Excerpted records:
☆ ☆ ☆ ☆ ☆ ☆ ☆
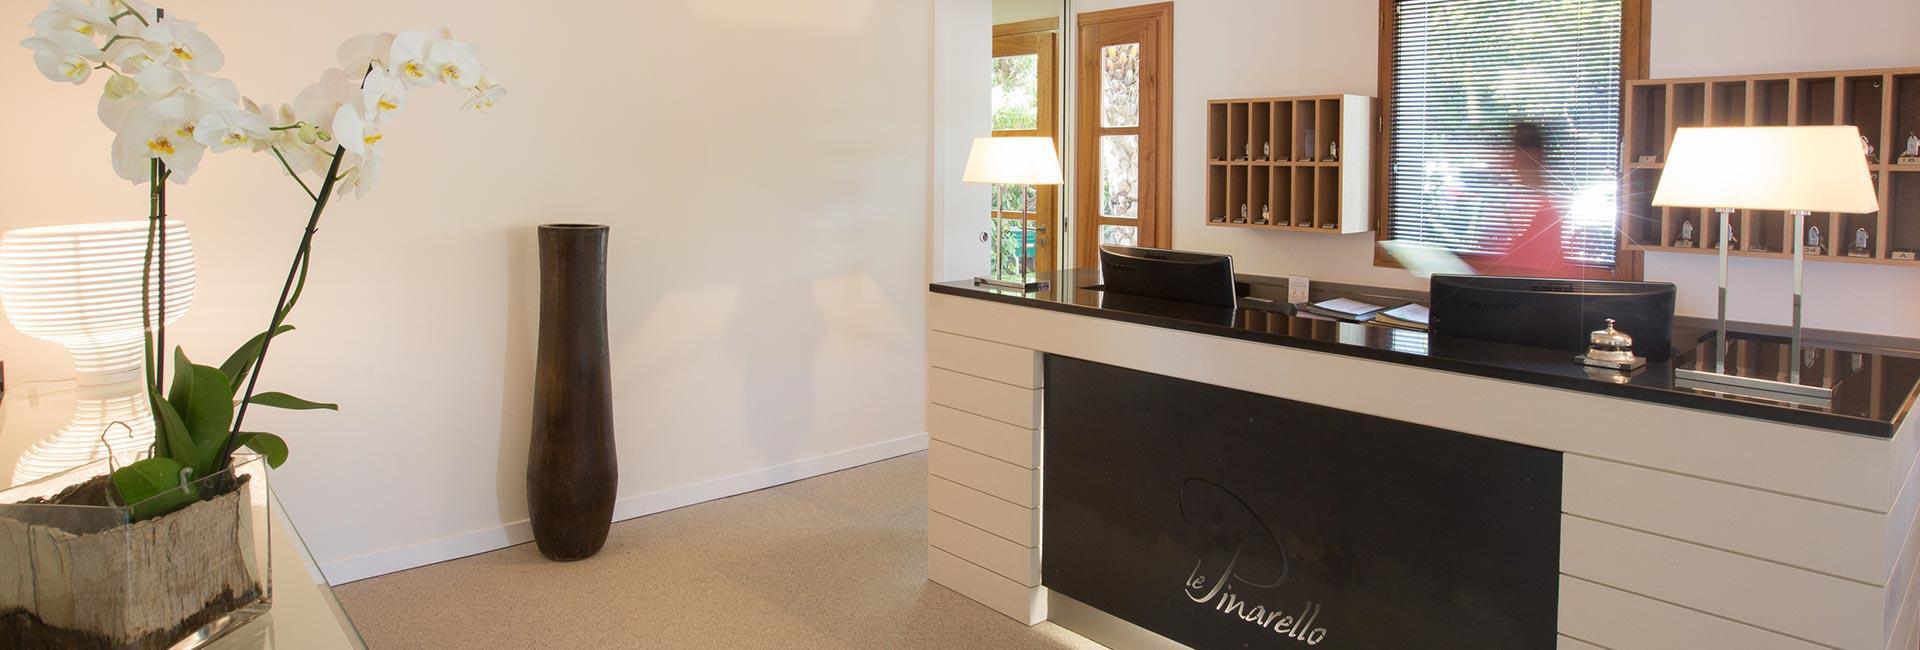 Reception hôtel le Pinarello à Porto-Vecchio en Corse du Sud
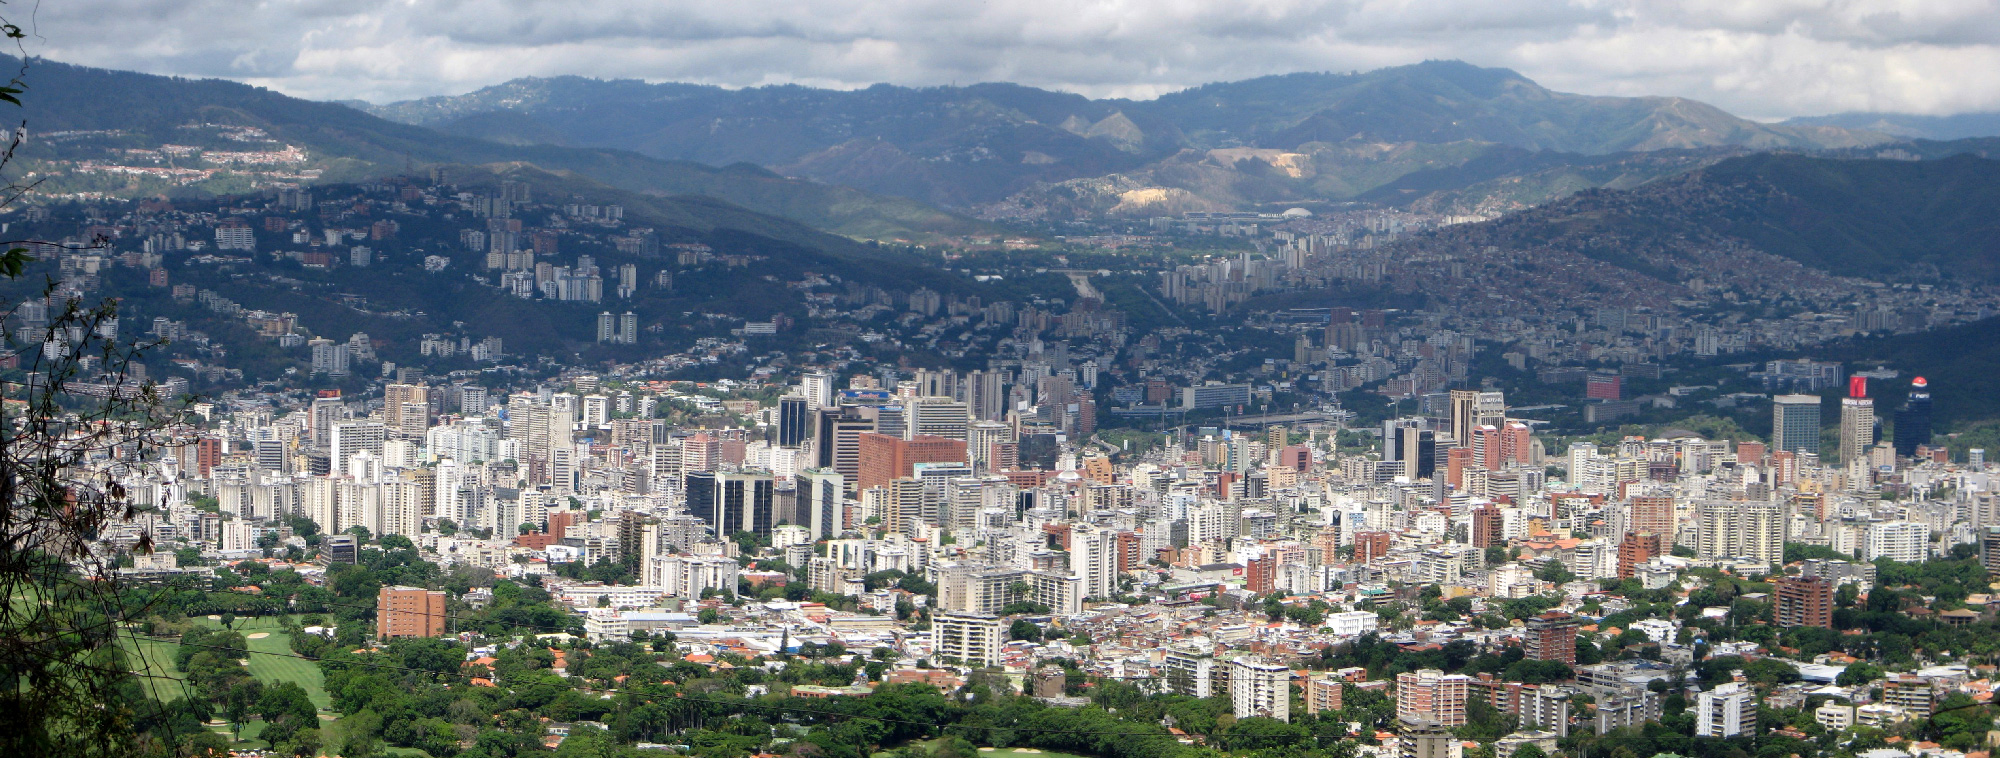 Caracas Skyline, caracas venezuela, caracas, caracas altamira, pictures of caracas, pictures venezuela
☆ ☆ ☆ ☆ ☆ ☆ ☆
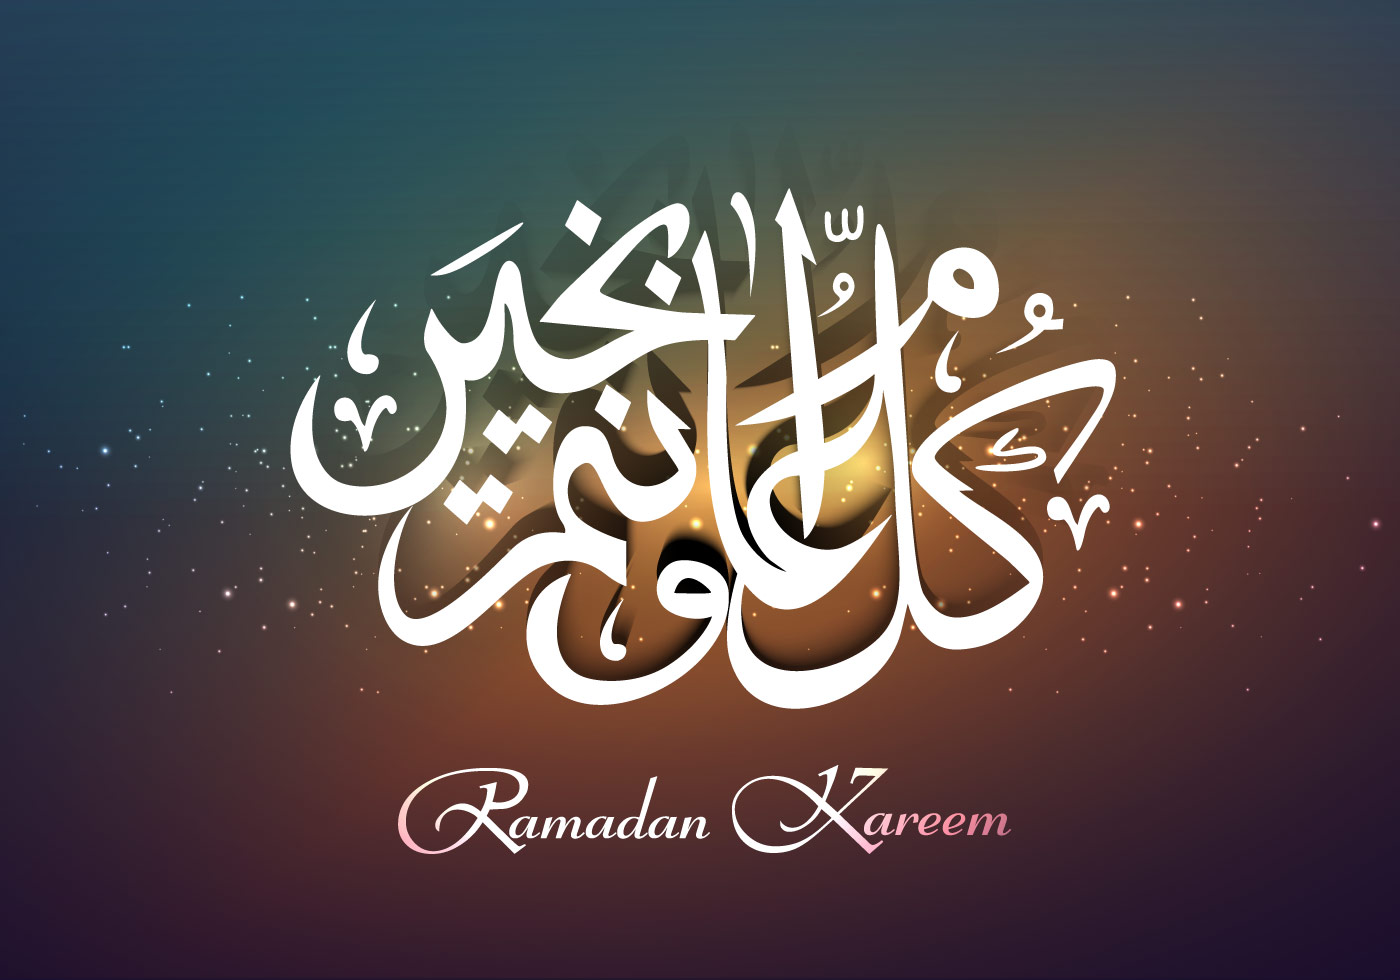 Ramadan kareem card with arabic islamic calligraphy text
☆ ☆ ☆ ☆ ☆ ☆ ☆
What to produce: Leave out the images and write out the lines above exactly, from the one with "Reception hôtel le" up to and including the one with "Caracas Skyline, caracas".

Answer for the task:
 Reception hôtel le Pinarello à Porto-Vecchio en Corse du Sud
 Caracas Skyline, caracas venezuela, caracas, caracas altamira, pictures of caracas, pictures venezuela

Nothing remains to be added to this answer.